* **What is required**
From the first line to the last, set down the material exactly and drop every picture.

(Data section begins)

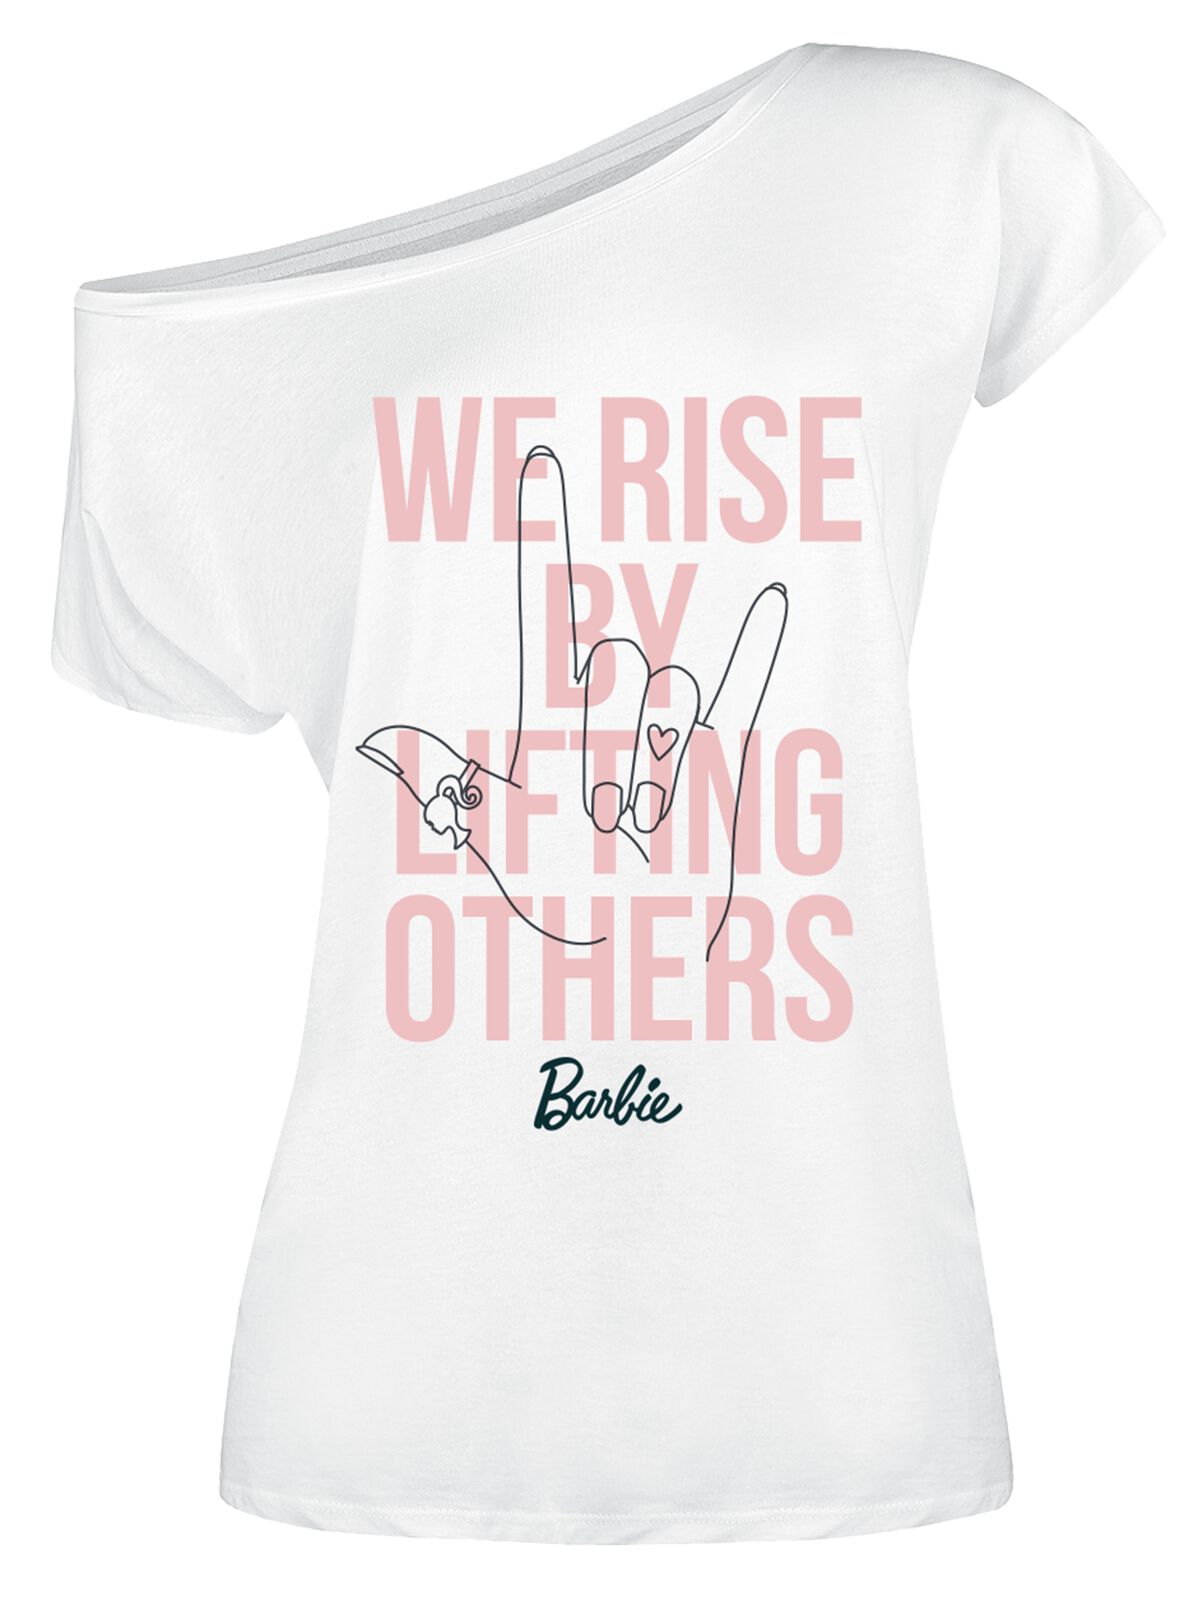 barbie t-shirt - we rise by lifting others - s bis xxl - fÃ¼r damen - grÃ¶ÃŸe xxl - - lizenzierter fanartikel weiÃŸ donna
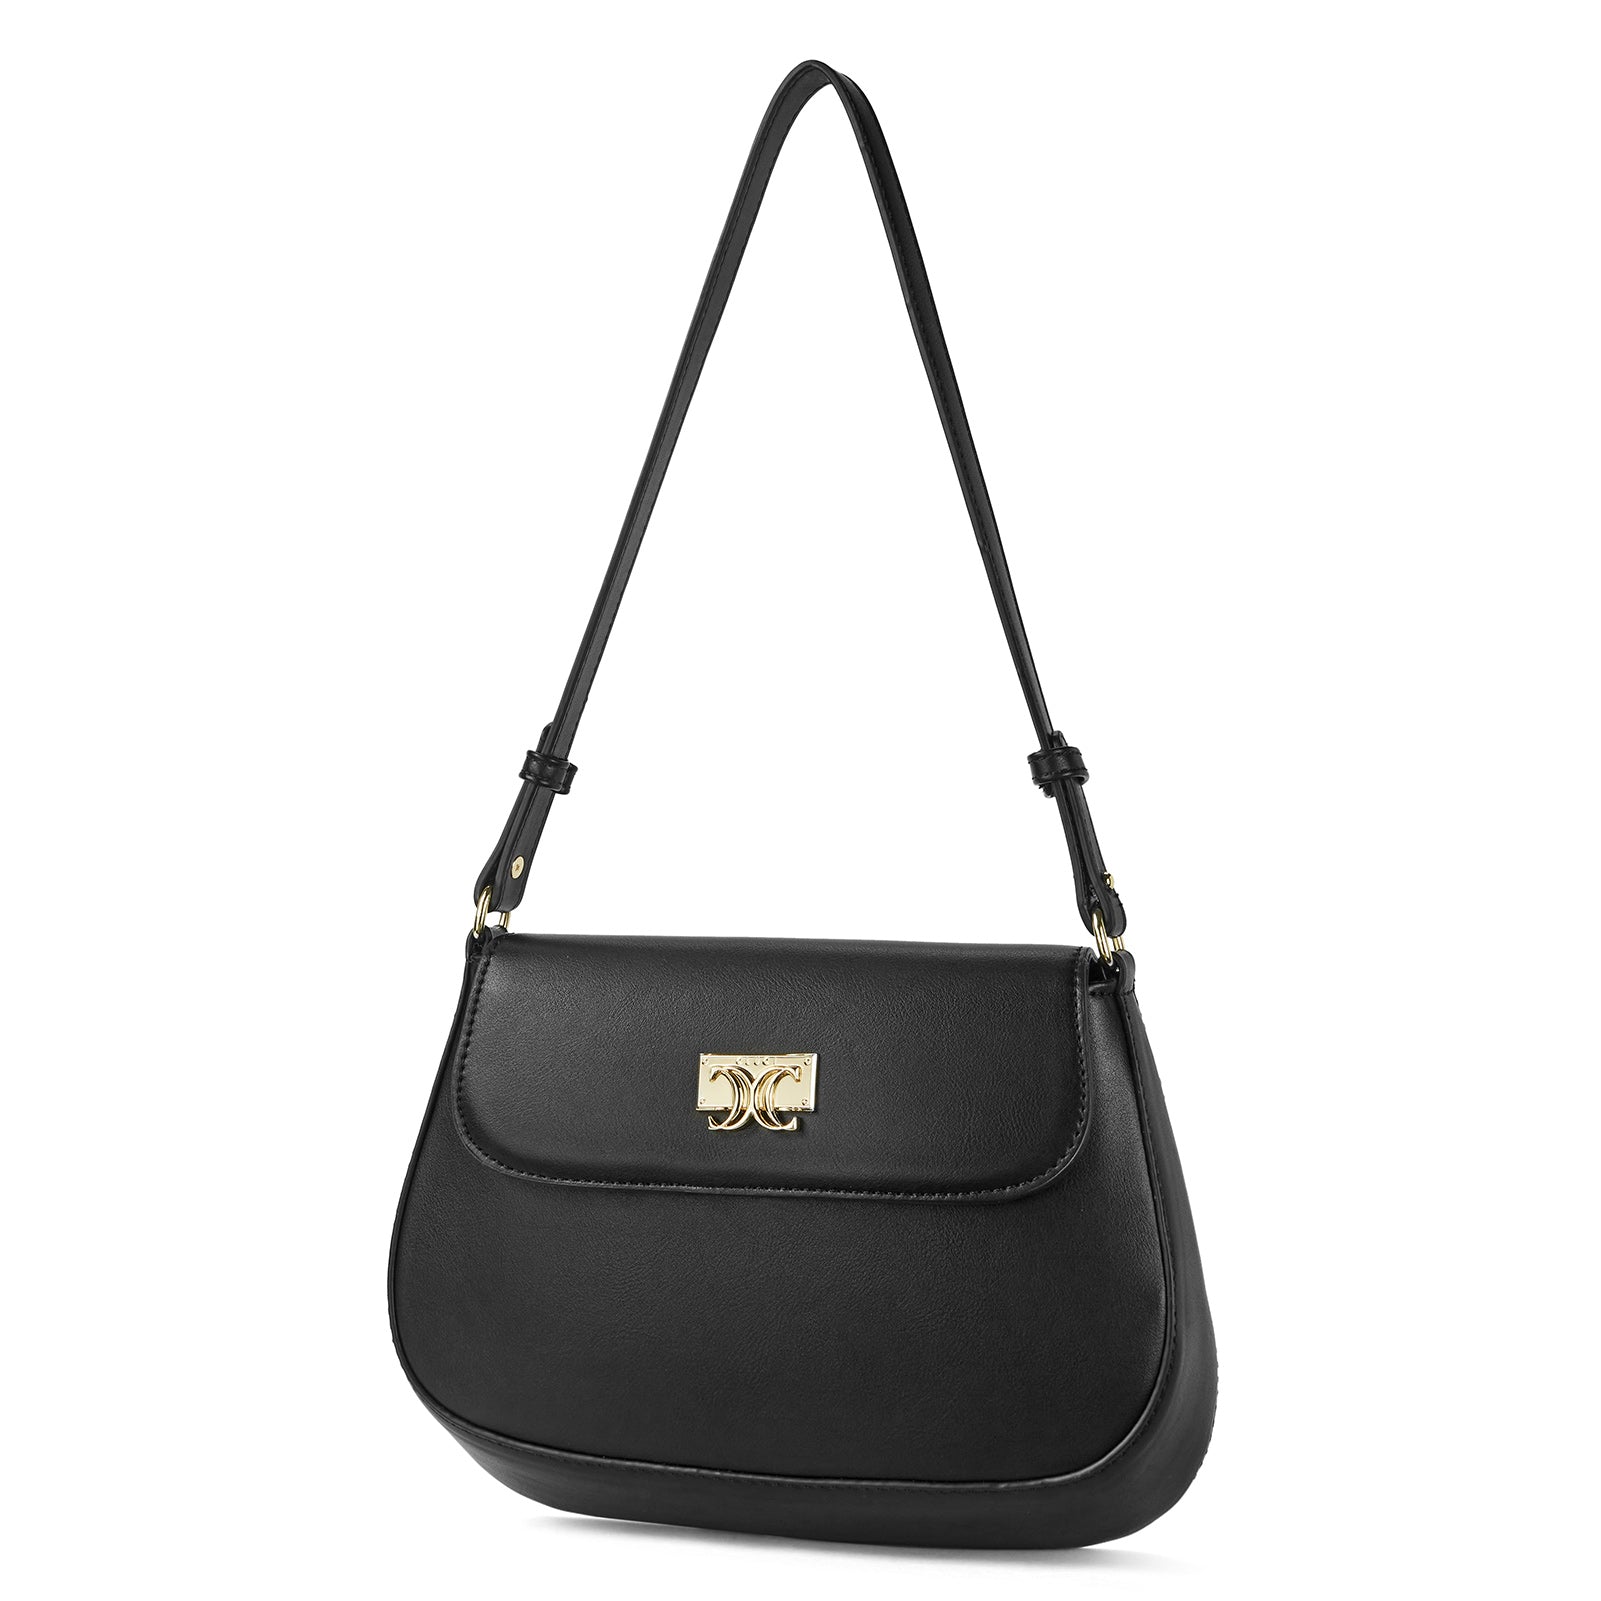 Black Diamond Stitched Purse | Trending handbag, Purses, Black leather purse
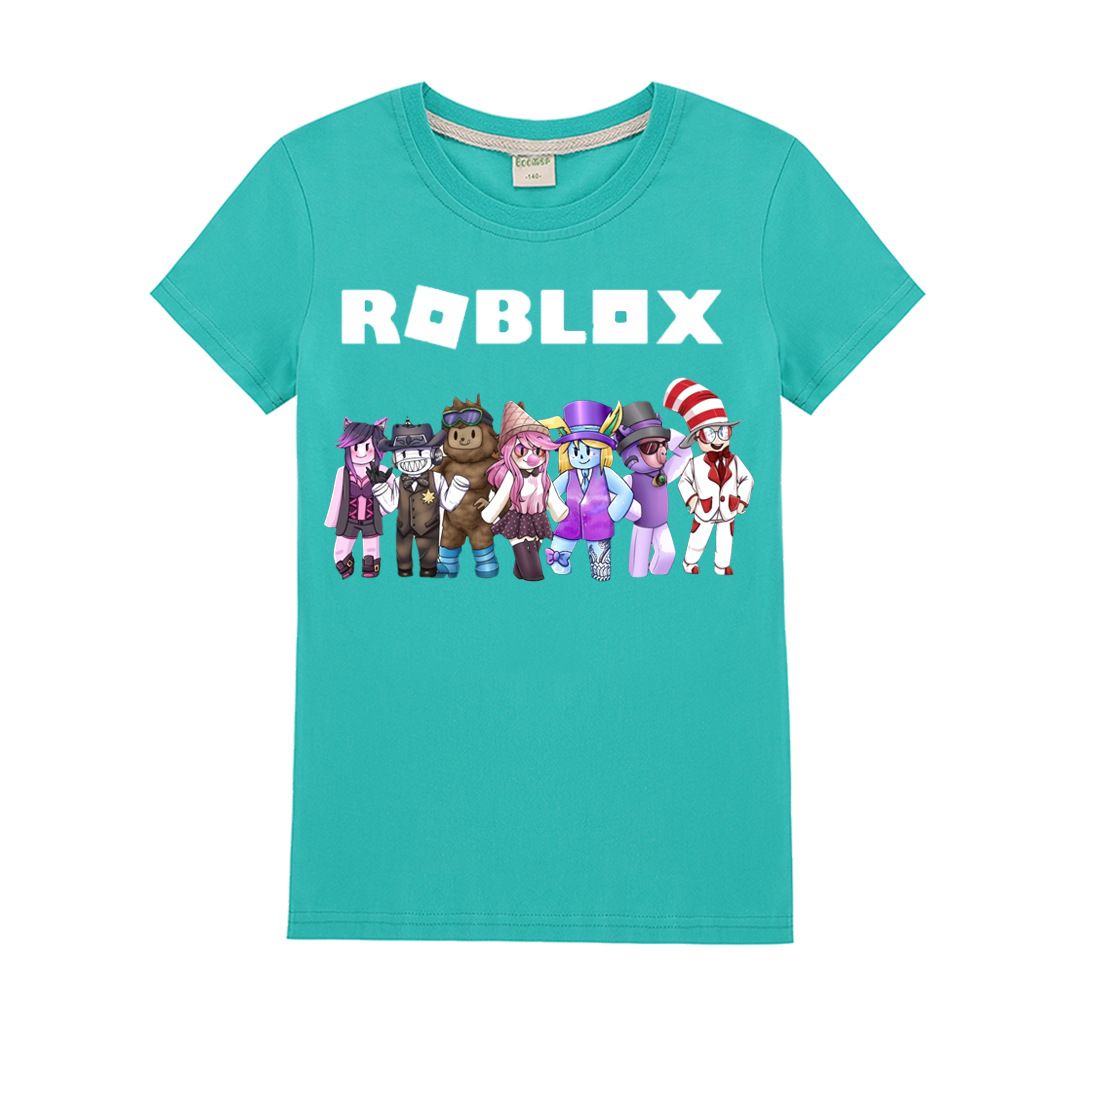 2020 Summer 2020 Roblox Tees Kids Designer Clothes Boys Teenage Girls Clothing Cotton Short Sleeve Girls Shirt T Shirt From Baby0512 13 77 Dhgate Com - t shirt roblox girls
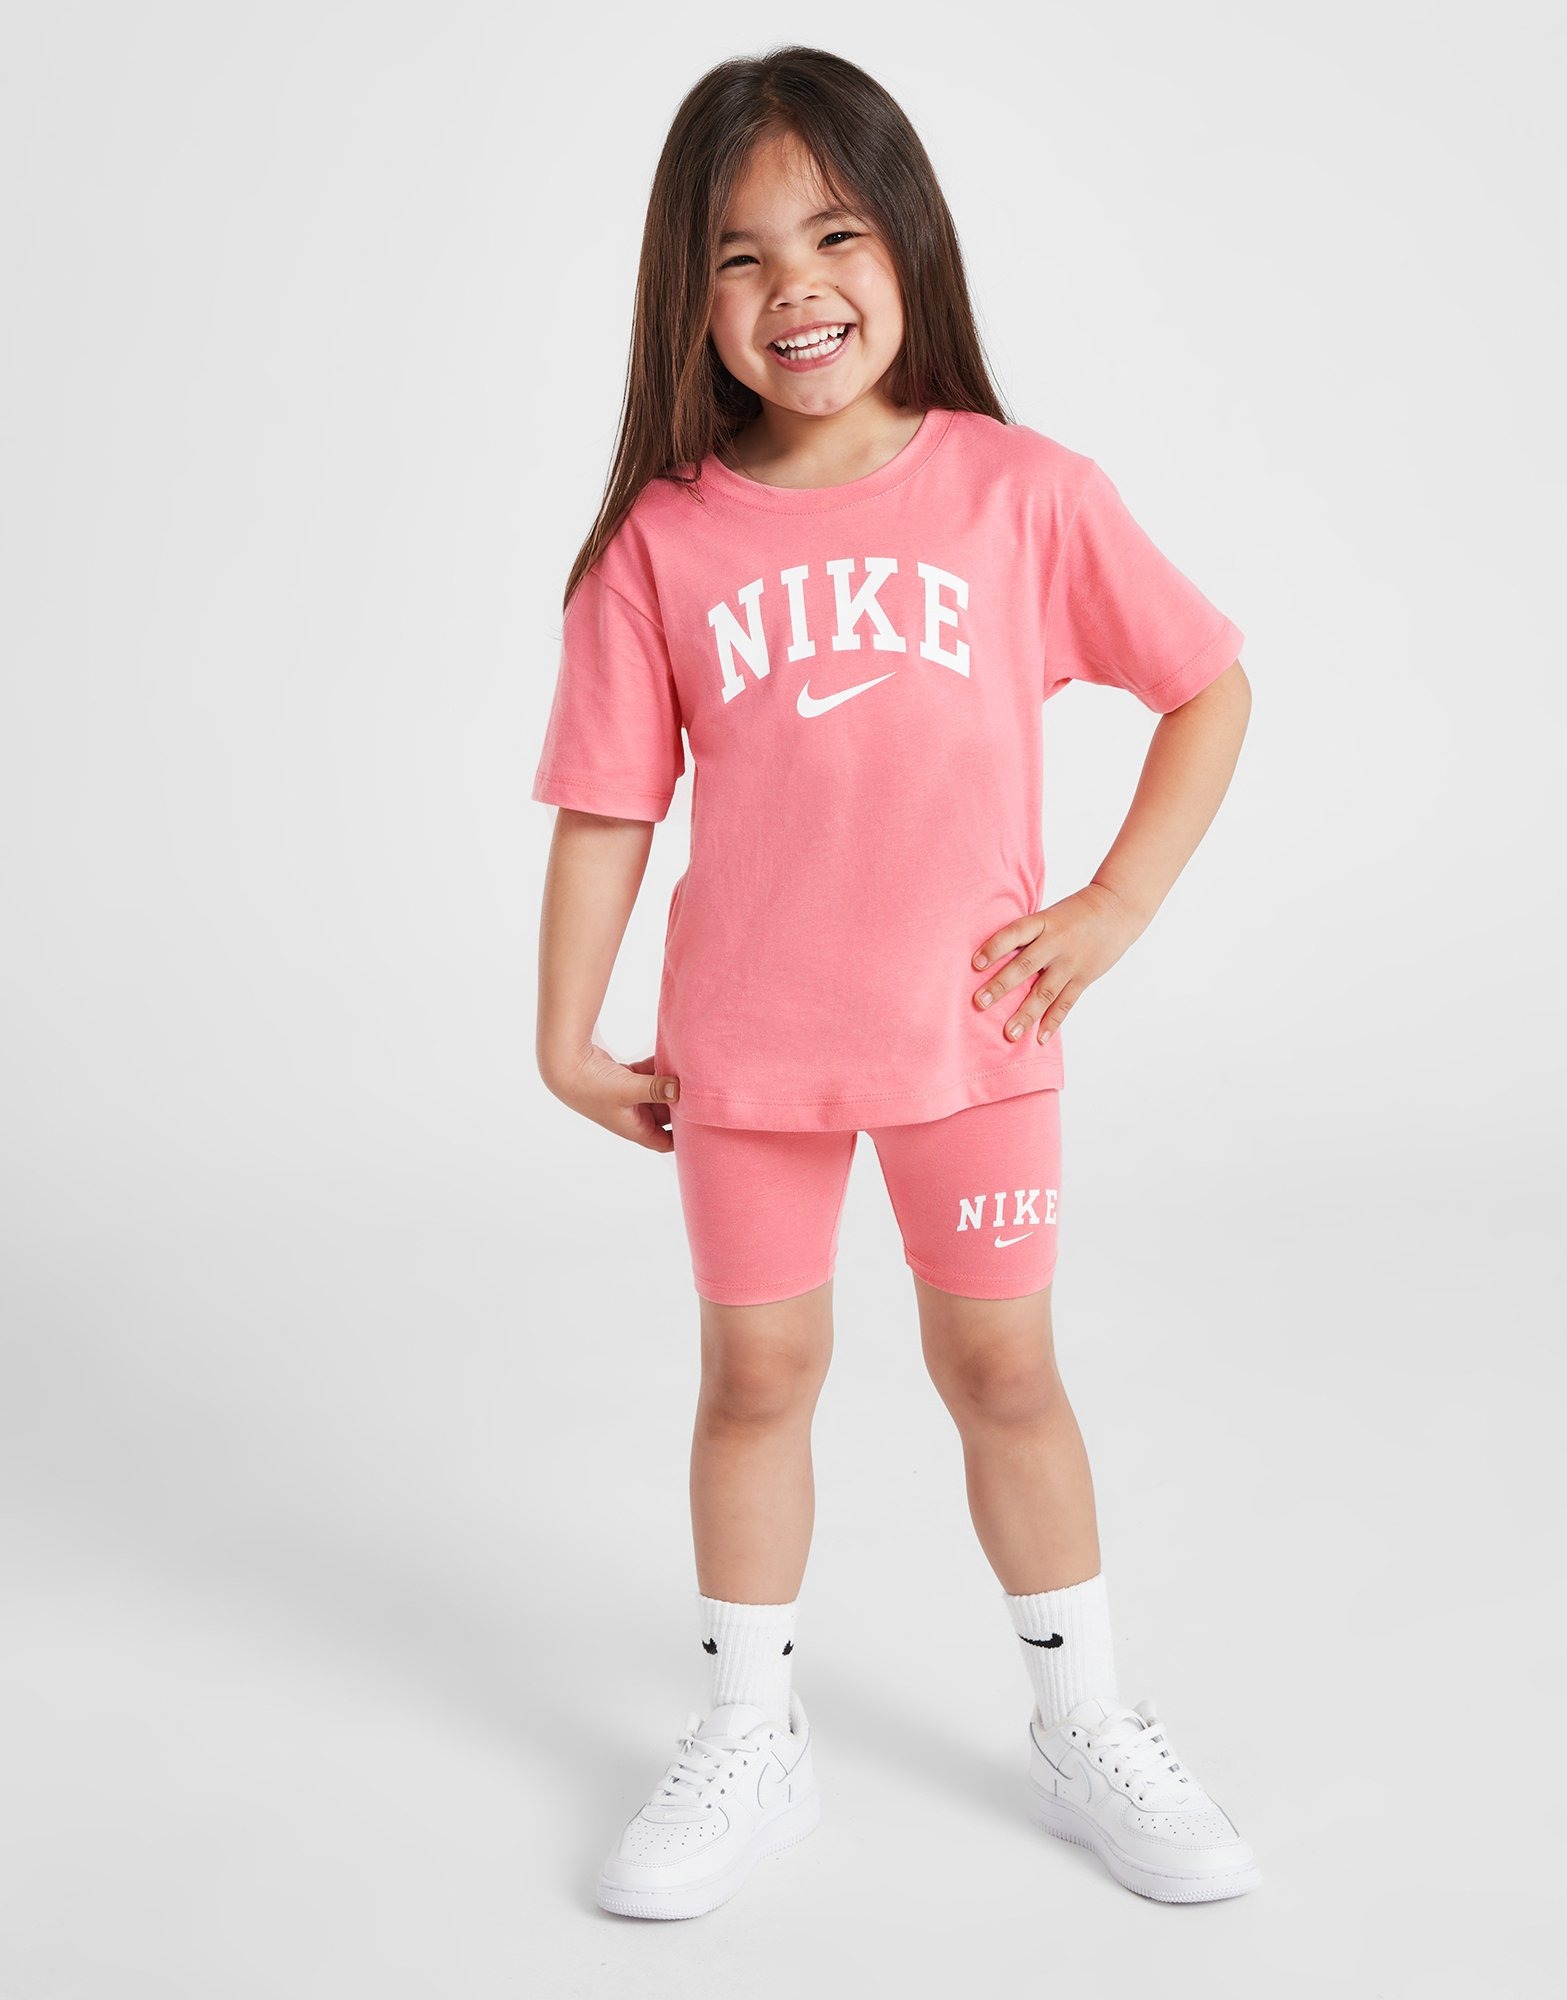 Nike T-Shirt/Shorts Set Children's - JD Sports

(Data section ends)

* **Solution to this problem**
 barbie t-shirt - we rise by lifting others - s bis xxl - fÃ¼r damen - grÃ¶ÃŸe xxl - - lizenzierter fanartikel weiÃŸ donna
 Black Diamond Stitched Purse | Trending handbag, Purses, Black leather purse
 2020 Summer 2020 Roblox Tees Kids Designer Clothes Boys Teenage Girls Clothing Cotton Short Sleeve Girls Shirt T Shirt From Baby0512 13 77 Dhgate Com - t shirt roblox girls
 Nike T-Shirt/Shorts Set Children's - JD Sports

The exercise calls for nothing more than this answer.